与此同时。
最中央的极乐阁顶。
红纱曼曼,随风摇曳。
东方白照旧侧躺在主座之上。
气走了东方青,叫她此刻甚是得意,白皙的俏脸儿容光焕发。
弹出红线,将桌案上的酒杯卷来,张开樱口,接着甘甜的酒浆。
舔了舔嘴唇,笑眯眯道:“计划很成功,诗诗已经将那色狗领进城来了,现在两人正在大街上流连忘返,快活的紧呐。”
下方,杨不悔、公孙绿萼、袁紫衣、香香分别坐在一侧。
听她开口,几人纷纷对视。
杨不悔轻咬嘴唇,抬起头,率先开口问道:“教主,你将他领进城,接下来呢,咱们何时动手杀他?”
“就...就是啊。”
袁紫衣故作镇定,虎着脸道:“陈钰这个狗贼,我恨不得现在就将他大卸八块,还请教主吩咐计划,我愿意打头阵。”
其实想的是,先搞清楚东方白的计划。
倘若只是叫那色狗头子吃点苦头,自己便袖手旁观了,也算报了对方经常轻薄自己的仇。
可若是真有什么法子害他性命....
袁紫衣暗暗思忖,气恼的捏紧了拳头,暗道,虽然心里很不爽,但还是得及时跟他通风报信才好。
毕竟这人现在是众多义军的领袖,真要有个什么好歹,那坏蛋又要将什么背叛峨眉,欺师灭祖的锅往自己头上扣。
公孙绿萼摩挲着手中的淑女剑,淡淡开口:“我不认为靠着这独孤剑境就能取他性命,之前试过了,就连独孤求败都不是他的敌手,更何况我们?”
话音刚落,坐在角落里的香香便狐疑的看向了她。
心道,自己是实实在在,被独孤求败那个老贼囚禁了数百年,他对你做什么了,说起此人,为何有如此浓烈的恼意。
只是没来得及细想,杨不悔便一拍桌子,冷冷的瞪着公孙绿萼道:“照你这样说,那就不用报仇了!”
“我没这么说。”
公孙绿萼摇摇头,语气轻柔且淡漠:“只是神剑山,你也失败了,不是么?”
杨不悔圆圆的俏脸儿忽得涨红,扭过头恨恨道:“你是怪我办事不力?莫要忘了,你在龙鳌河的事还没说清楚呢,我倒要问你,你为何将宝贵的仙血用来给那陈圆圆续命,你是不是根本就没想杀他!”
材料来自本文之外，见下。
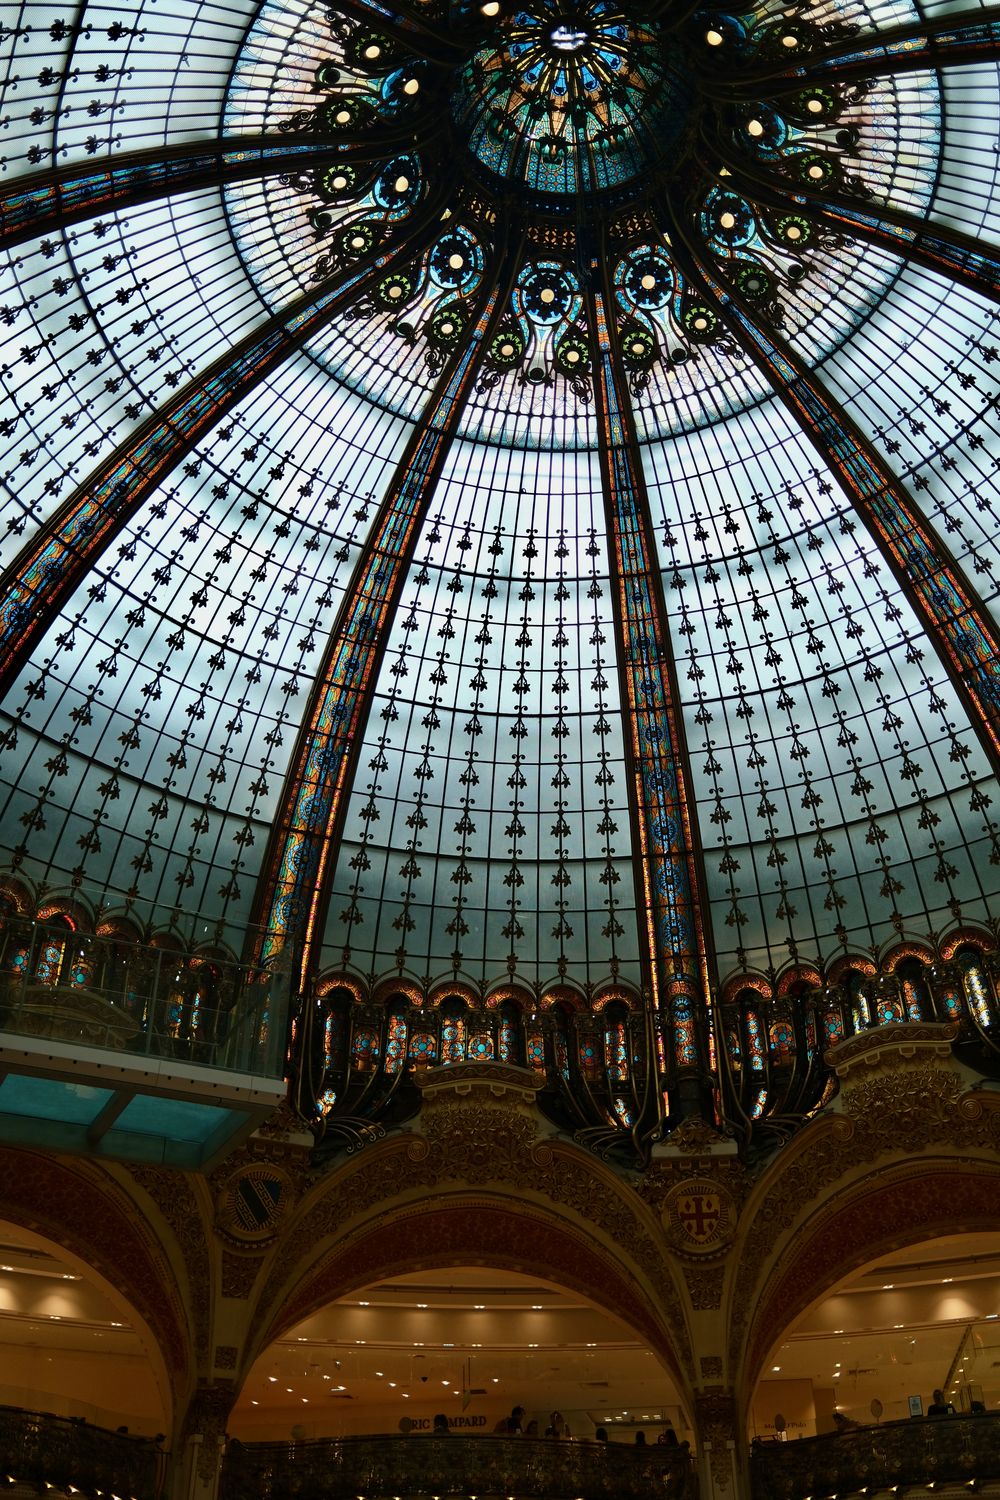 Galeries Lafayette Paris Haussmann Dome_DSCF2973
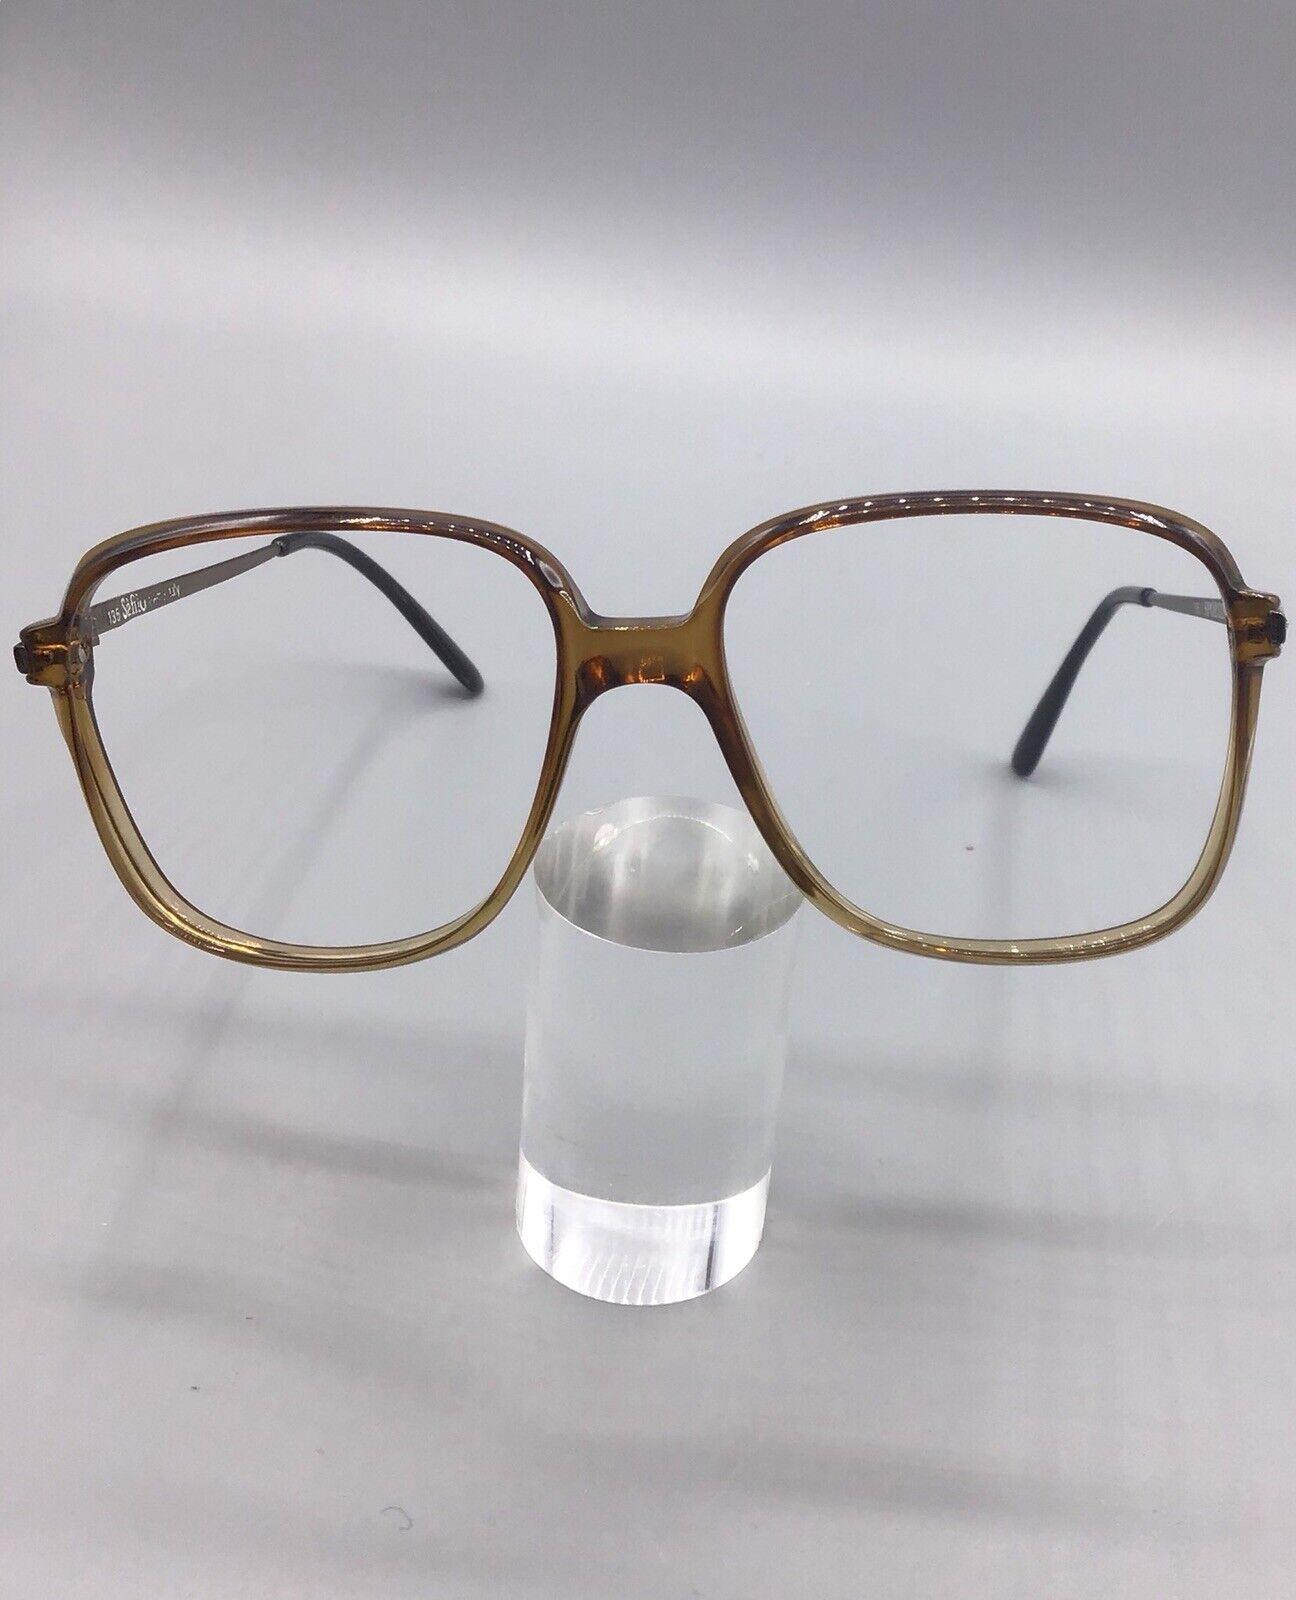 Safilo Frame italy occhiale vintage sporting 204 786 brillen lunettes

公孙绿萼俏脸微红,轻声道:“我...我当然要杀他,不然我不敌他后,为何选择回来见你们,而不是直接回绝情谷,你这般急着冤枉我,是不是你自己心里有鬼?”
“你胡说!”
杨不悔心中甚是慌乱,咬咬牙,想让自己表现的凶狠。
羞怒道:“他是我复仇名单上的第一个,我早已拿给你,拿给教主看过了,你若不信,我现在再拿给你看!”
说着便不管不顾的从自己怀里掏仇恨之书...不是,小本本。
“好了好了,大敌当前,你们怎么自己先吵起来了。”
东方白没好气的坐起身,蹙眉道:“你们皆是与那陈钰有血海深仇的女子,若非如此,本教主怎能安心让你们追随,当务之急不是报仇么,谁敢内斗,休怪我手下无情。”
香香环顾四周,试探性的开口道:“教主姐姐,你现在已经将他困住,咱们都是你的手下,你若是有什么吩咐,只管说吧,香香一定照办。”
还是这丫头听话。
东方白心中暗道。
旋即抬起头,眯着眼睛道:“这狗贼眼光极高,虽然这城里都是我精挑细选来的美人,可这温柔乡,未必就能将他唬住,单凭诗诗还是差了点意思,所以我需要各位相助。”
“等会儿。”
袁紫衣举起右手,红着脸道:“我怎么没太懂教主你的意思,什么温柔乡,什么将他唬住。”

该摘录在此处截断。